Convenient plasmid vectors for construction of chimeric mouse/human antibodies

Abstract

Chimeric antibodies composed of mouse‐derived variable regions and human‐derived constant regions have been developed for clinical use. However, construction of chimeric mouse/human genes in expression vectors is time‐consuming work. In this study, we developed convenient vectors for construction of chimeric mouse/human antibodies. The protocols are as follows: In mouse hybridomas and B cells, most active V_H and V_ϰ genes can be identified as rearranged bands by Southern hybridization of EcoRI‐ and HindIII‐digested DNAs with J_H and J_ϰ probes, respectively, and such fragments can be isolated in λ‐EcoRI and λ‐HindIII vectors, respectively.

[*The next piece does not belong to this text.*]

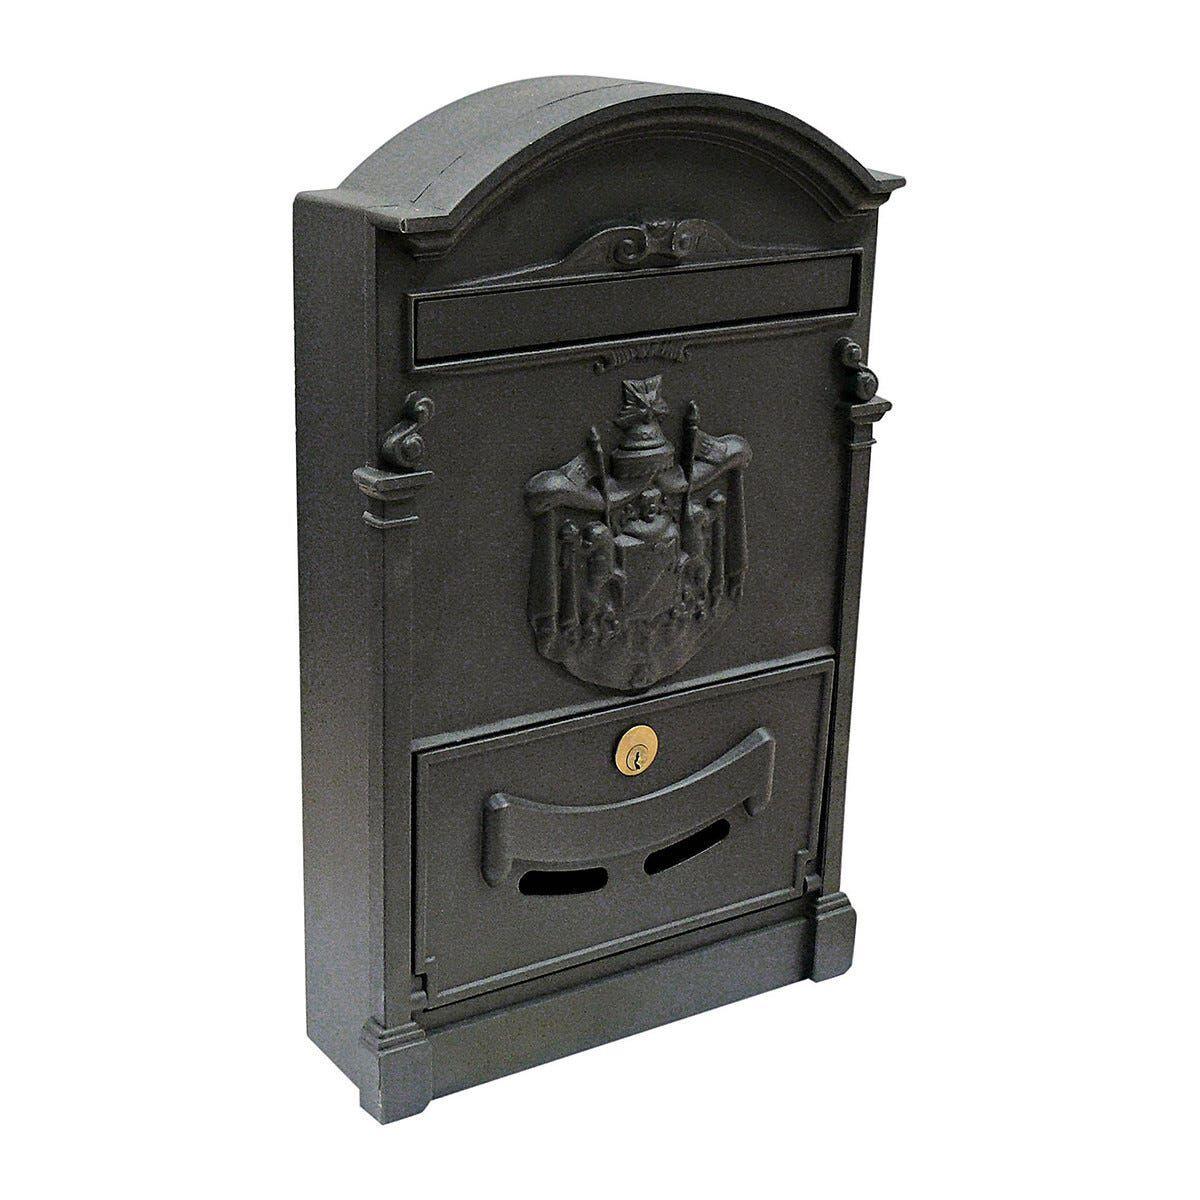 cassetta postale per esterno alubox residence alluminio ghisa 26x41x9 cm (lxhxp)
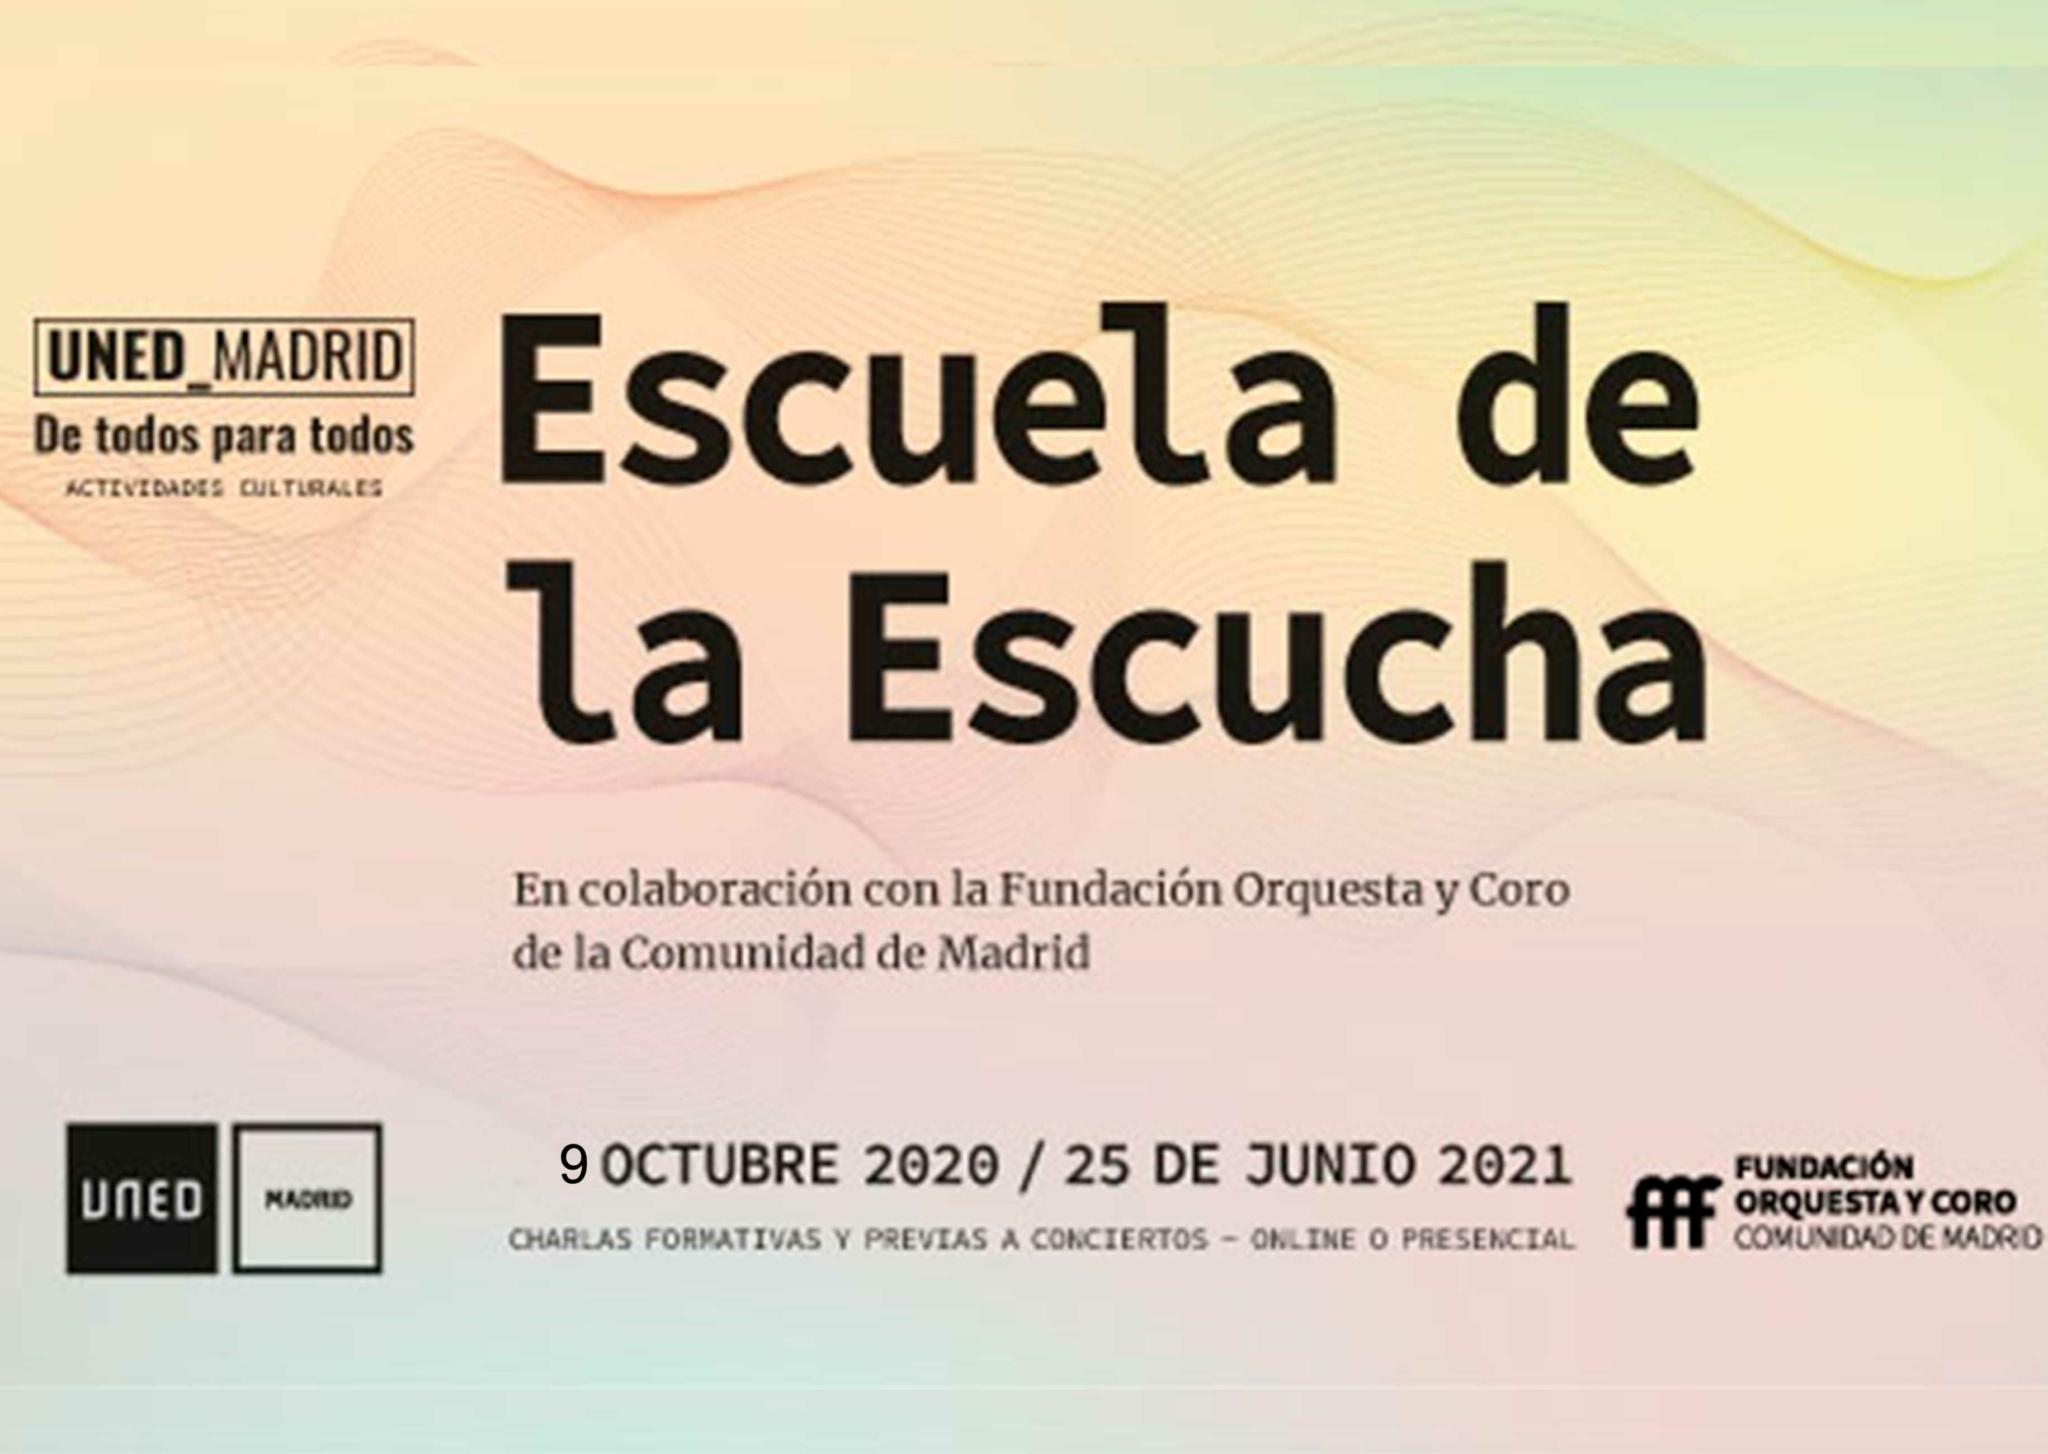 Cartel con fondo suave, anunciando Escuela de la Escucha curso del 9 de octubre 2020 al 25 de junio de 2021. Aparece el logo de los colaboradores Fundación Orquesta y Coro de la Comunidad de Madrid.en la parte inferior derecha y nuestro logo parte inferior izquierda.

We constructed two plasmids: pSV2‐HG1gpt contains human C_γ1 and Ecogpt genes, and only one EcoRI site upstream of the C_γ1 gene; pSV2‐HC_ϰneo contains human C_ϰ and neo genes, and only one HindIII site upstream of the C_ϰ gene. An isolated EcoRI fragment containing a V_HD_HJ_H gene and a HindIII fragment containing a V_ϰJ_ϰ gene are inserted into pSV2‐HG1gpt and pSV2‐HC_ϰneo, respectively. Both resulting plasmid DNAs are co‐transfected into SP2/0 cell, a non‐Ig‐secreting mouse myeloma. Transformants are selected by both mycophenolic acid and G418. With this procedure, it takes only 2 months to obtain chimeric antibodies.